I guess I would have to say that I do not believe mermaids exist as described in folklore but I do believe there could be many unusual skeletal remains hiding on this planet waiting to be 'exposed' by some natural or man-made disaster.
After all, how old is our planet? Many generations of evolution for both animals and humans! And when you add unusual development patterns and birth defects to the mix, one can expect some unusual remains.
Marcelle Comeau
***** I do not think such a creature exist in the water. I do think that there are people born with their legs fused together creating a mermaid look.
Nancy Nalle McKenzie
***** The Bulgarian Mermaid Skeleton...The Discovery Channel showed a program 'The Body Found' and since everything on tv is true, mermaids must exist...and then there also was the mermaid that washed up after the tsunami. BTW unicorns also exist because there are skeletons of them too!!!!
Dennis Brann
***** According to NOAA mermaids do not exist.I do not believe mermaid exist--just Angels, Ghosts, Goblins, Leprechauns and Aliens. Oh, I forgot Bigfoot. I watch WAYYYYY too much TV.
Kathy Mooney
***** A silimar "creature" does exist but in the form of a rare human birth defect. The condition called is called sirenomelia. These children are born with their lower limbs fused, giving a mermaid like appearance.
Talea Jurrens
***** I do not think that mermaids exist. What people will believe!
Donna Jolley
***** No,I wish they did and still exist if there is a true mermaid, but I beleive it is a fairy tale. Not that I dont beleive because I do believe.
Jackie McCarty
***** There is no proof of such creatures other than from myth and legend, but who knows? After all, the bondegezou (tree kangaroo) was unknown until 2009.
Jon Edens
***** No evidence has ever been found that an aquatic humanoid has ever existed.
Timmy Fitzpatrick
***** Shucks, I don't even believe in Santa or the tooth fairy, and there's as much real evidence for them as for mermaids.
Tom Collins
***** Apparently people are tripping over mermaid skeletons because they're all over the place. BTW, isn't "mermaid" sexist? Shouldn't it be "merperson" As for their existence, everybody knows merpeople aren't real. It's silly. Hopefully, someday we will stop wasting our time on fantasies and get serious about real things, like Big Foot.
Tim Bailey
Folklorists should be embarrassed enough for saying that sailors supposedly mistook manatees for mermaids. Manatees don't look anything like people.
Joshua Kreitzer
Like Nessie, (and Sasquatch as well), unless one can canvas the entire watered portions of Earth at one instant in time then it is still mere speculation that such a creature does NOT exist, despite science saying probably not.
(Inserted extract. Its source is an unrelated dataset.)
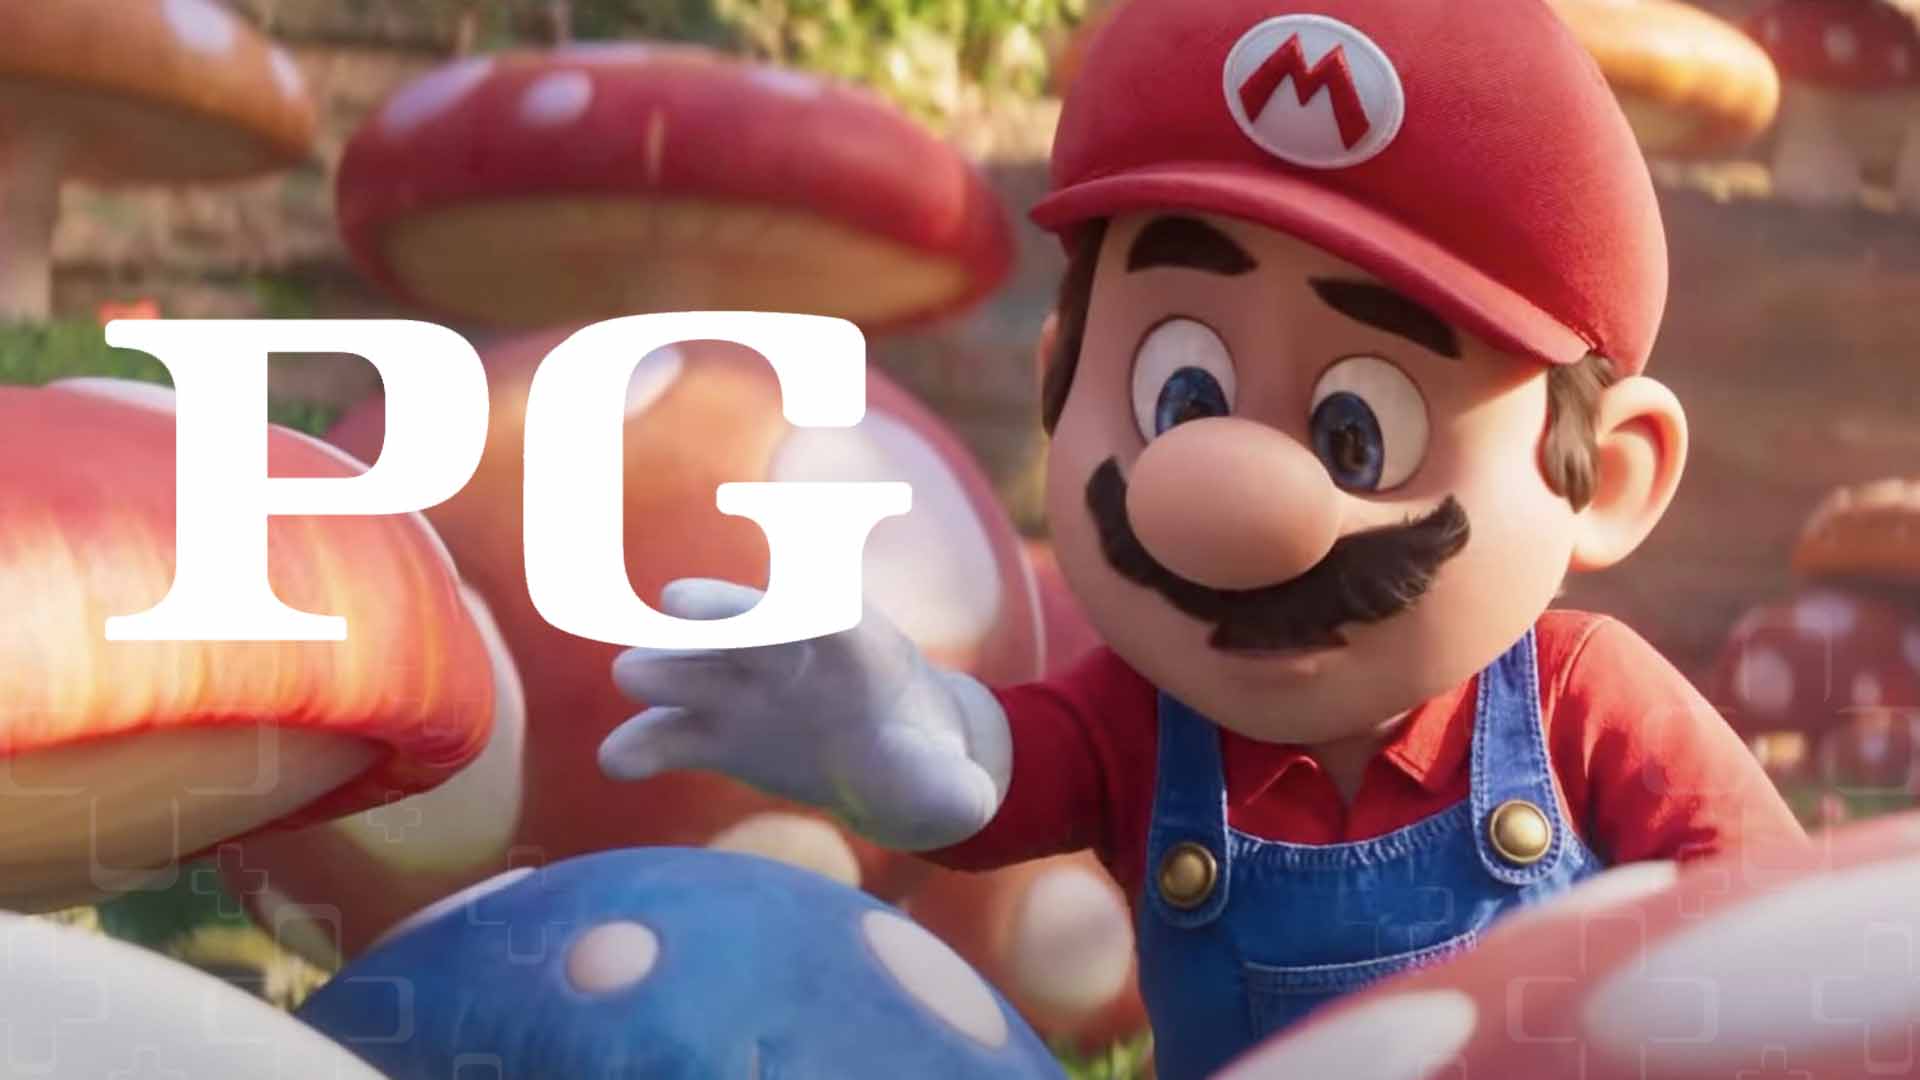 Super Mario Bros. Movie receives MPAA rating of PG Nintendo Wire
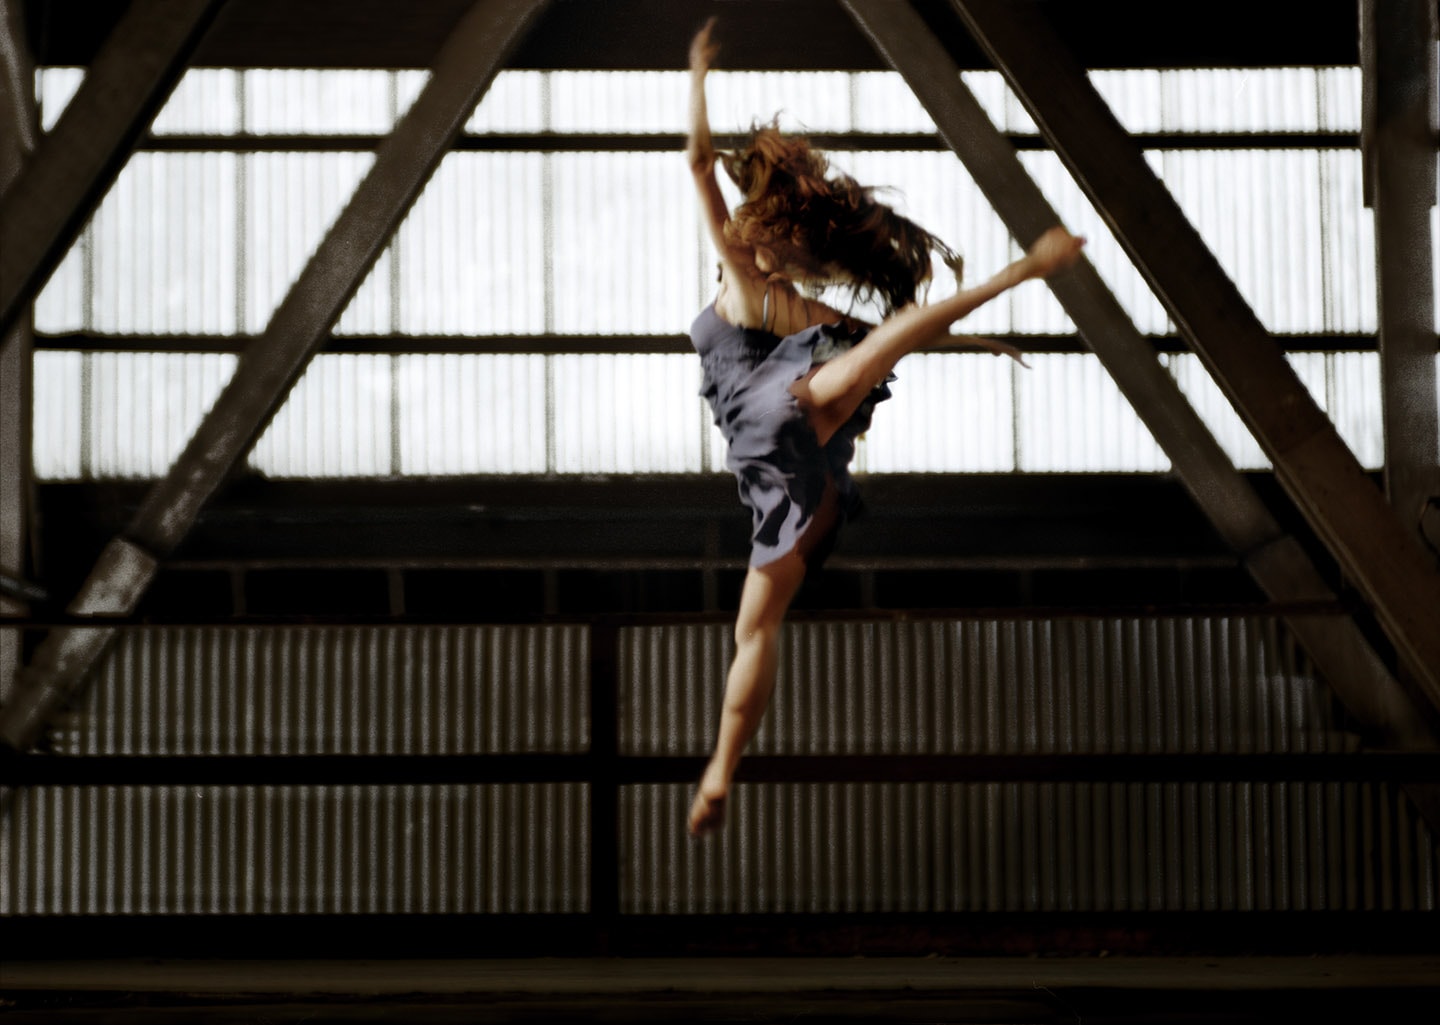 Dancer In Blue Blurred Profile Image Arabesque Jump Leg Raised Mid Air

I believe in dinosaurs, although not talking ones, and I believe in the DoDo bird, long extinct as well, however, outside of Disney interpretation of folk tales or DC/Marvel's Aquaman, I believe more in the existence of aliens here on Earth than in mermaids. Even if we here now are all descended from an alien pair.
John Pero
After last week's quiz, thanks for an easy one this week. Last week I couldn't get away from thinking the two figures were mermaids with some extra fins I didn't know about. When I saw this week's picture, I thought maybe you had a theme going. Alas, last week's figures weren't mermaids.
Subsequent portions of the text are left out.